Dataset excerpt>
________

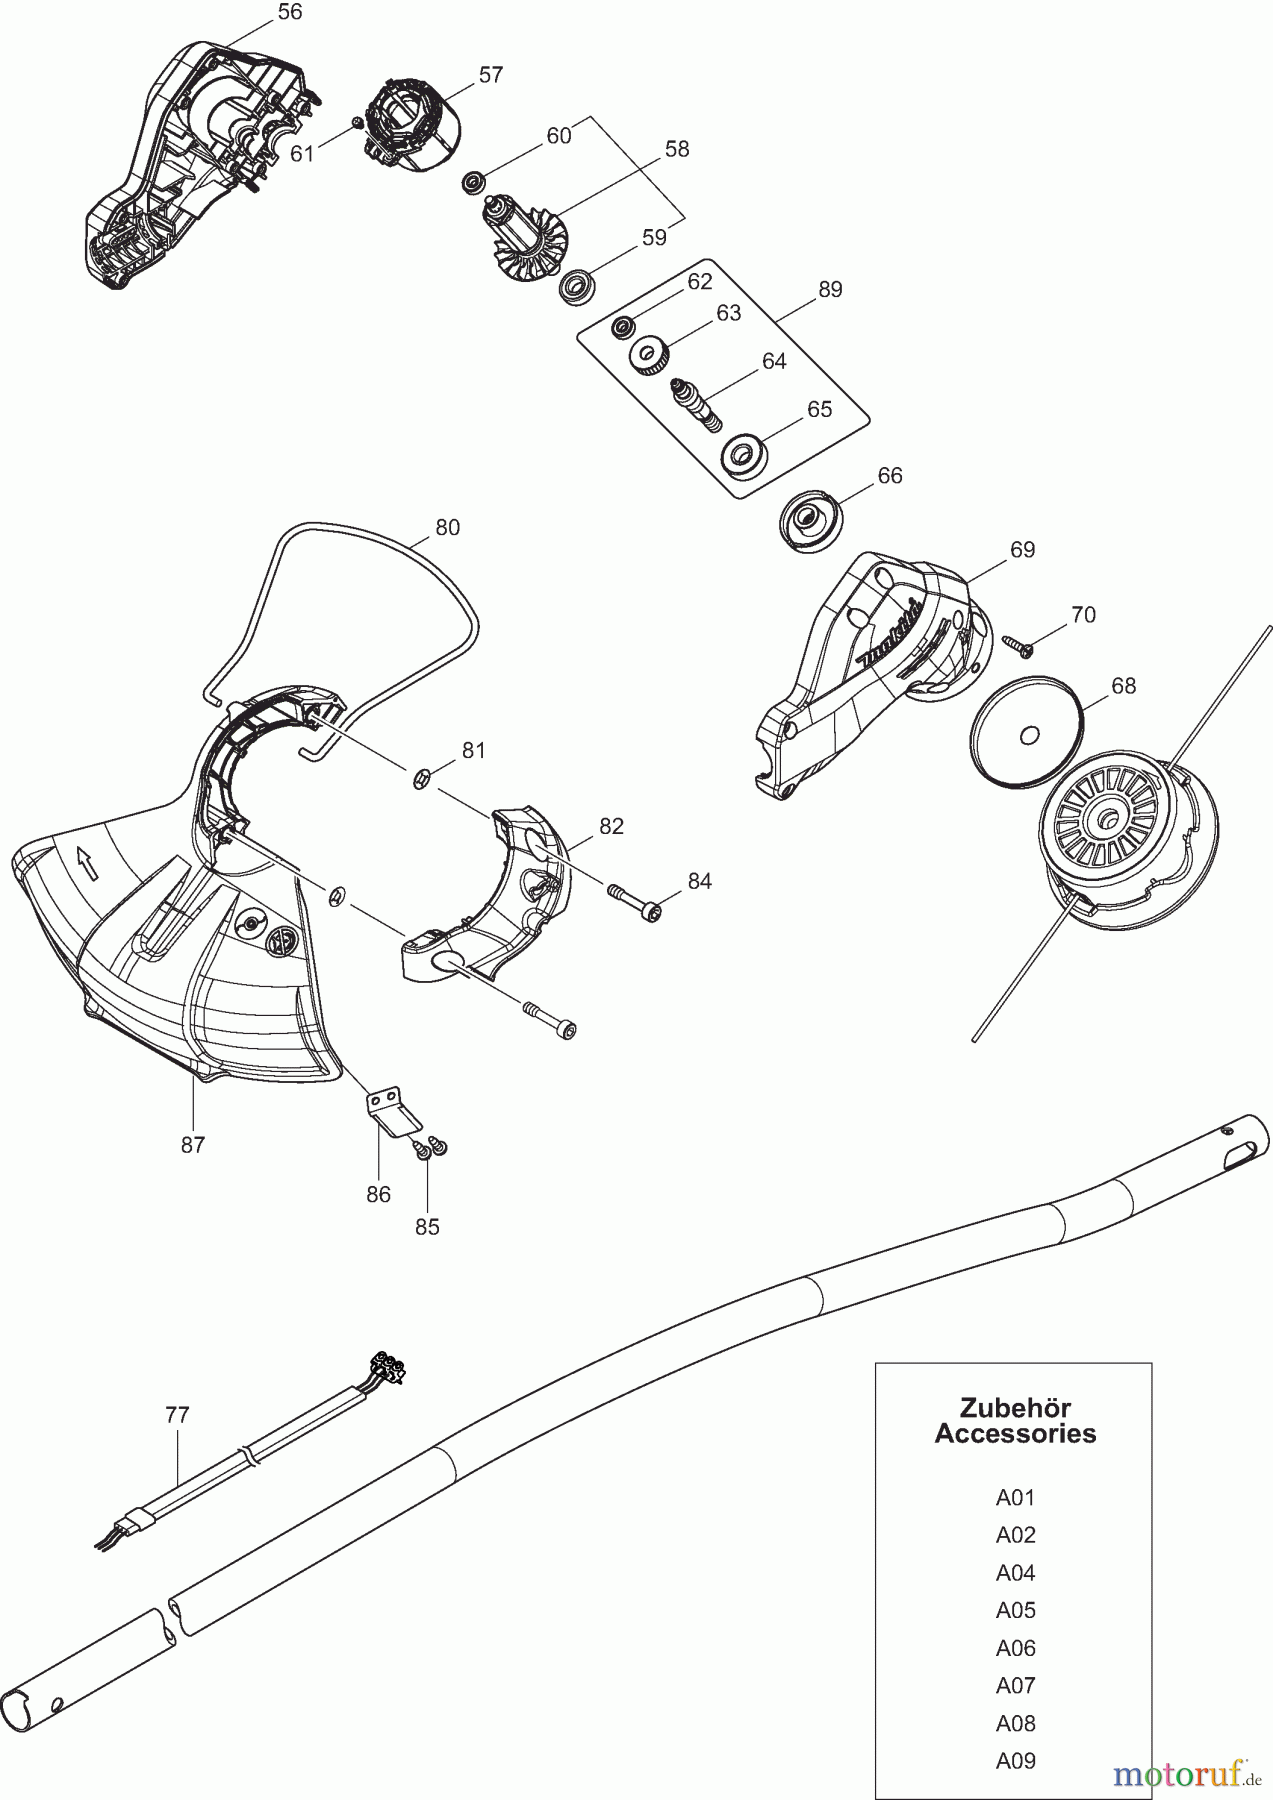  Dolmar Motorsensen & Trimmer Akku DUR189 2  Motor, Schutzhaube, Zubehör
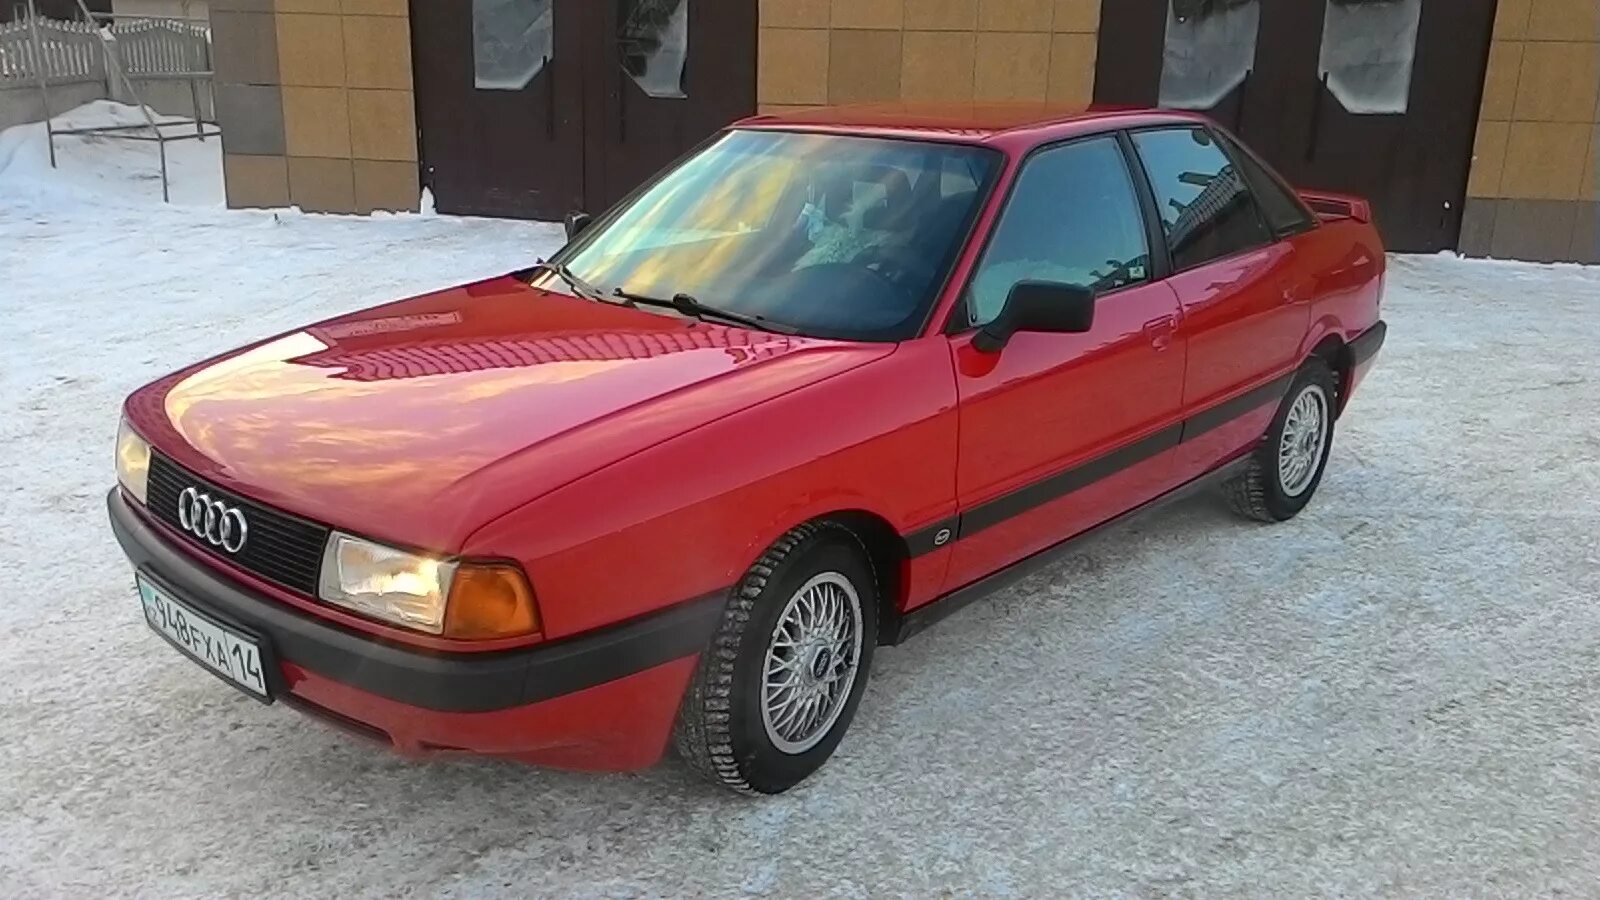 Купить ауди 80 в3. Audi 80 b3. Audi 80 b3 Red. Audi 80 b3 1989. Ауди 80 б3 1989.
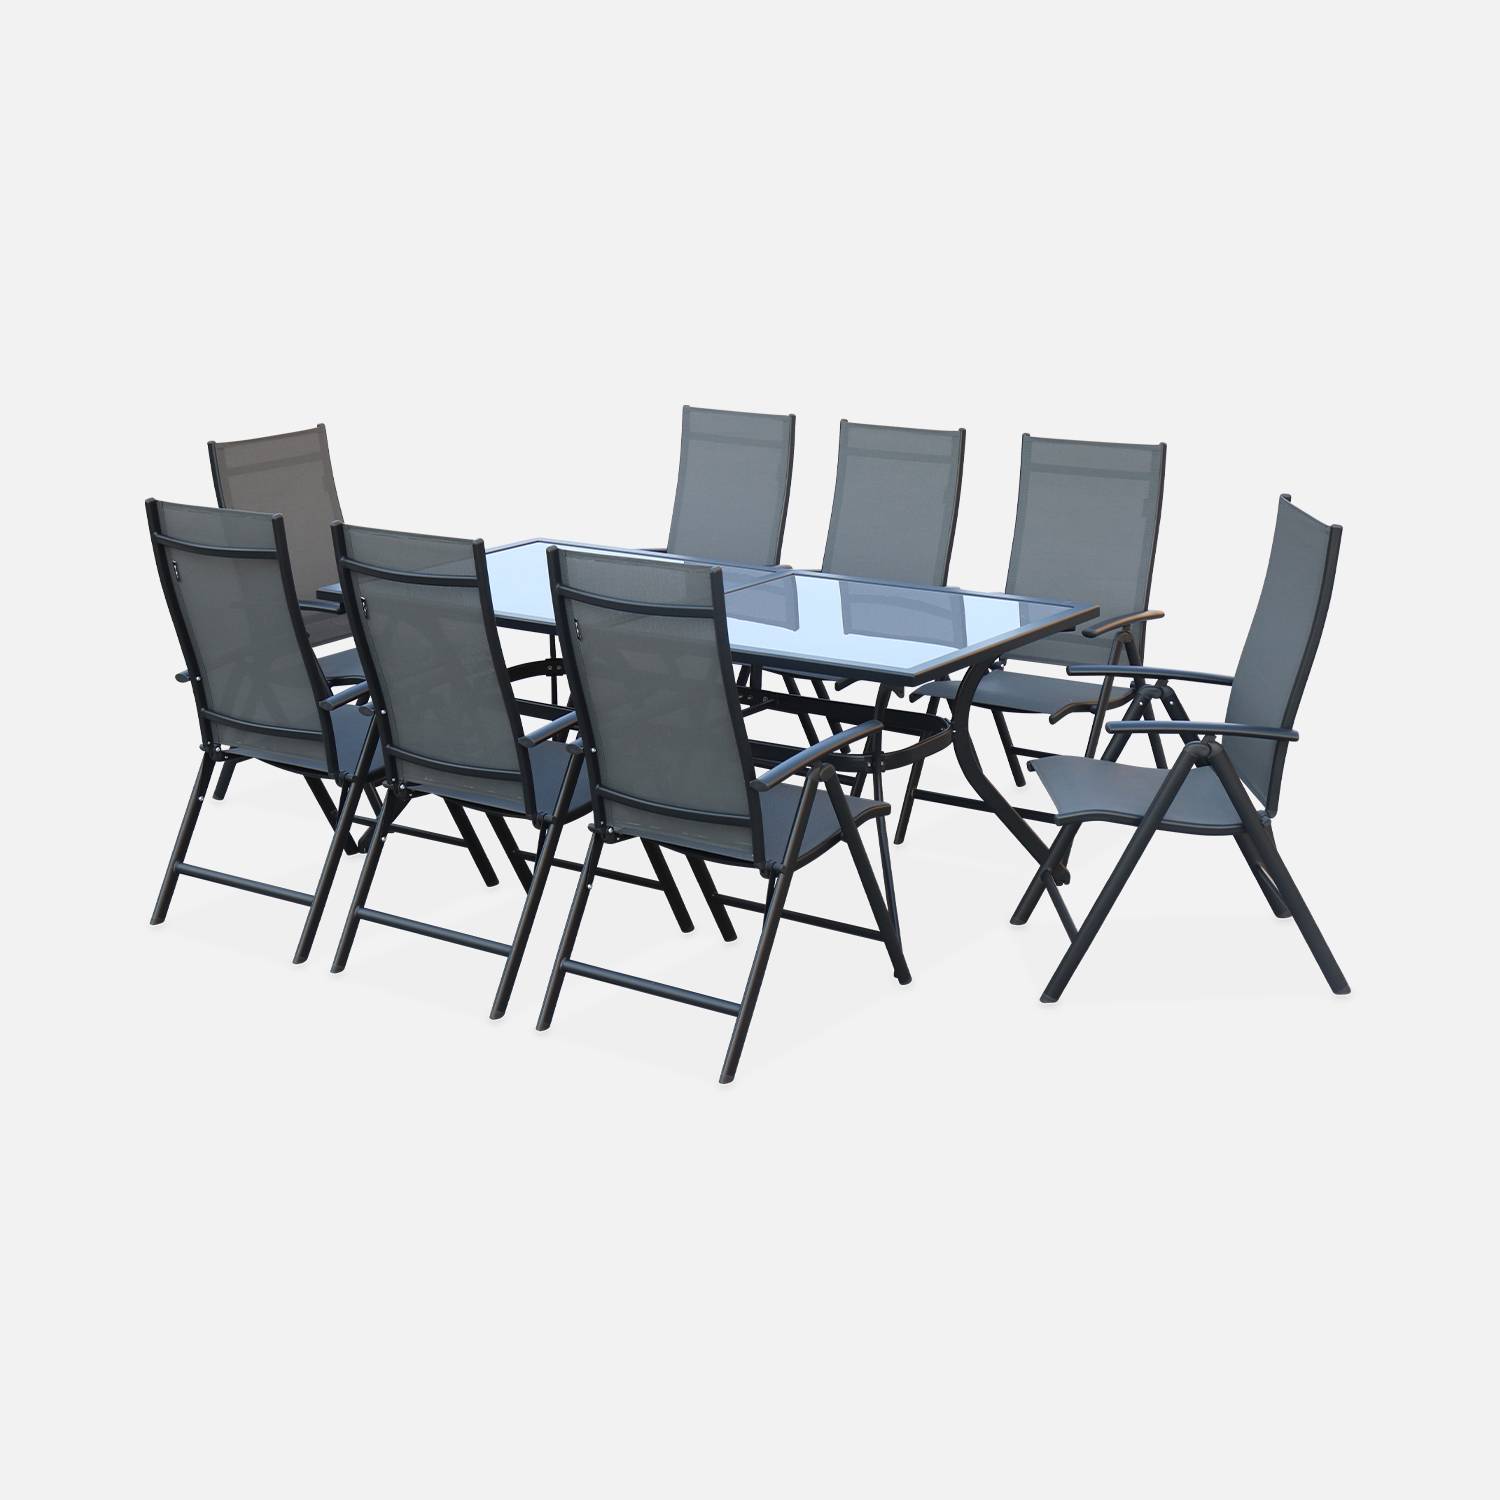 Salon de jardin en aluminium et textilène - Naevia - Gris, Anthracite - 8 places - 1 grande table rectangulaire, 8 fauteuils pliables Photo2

________

What to do> Pictures stay out; all other material above is restated word for word.

Result>
  Dolmar Motorsensen & Trimmer Akku DUR189 2  Motor, Schutzhaube, Zubehör
 Купить ауди 80 в3. Audi 80 b3. Audi 80 b3 Red. Audi 80 b3 1989. Ауди 80 б3 1989.
 Salon de jardin en aluminium et textilène - Naevia - Gris, Anthracite - 8 places - 1 grande table rectangulaire, 8 fauteuils pliables Photo2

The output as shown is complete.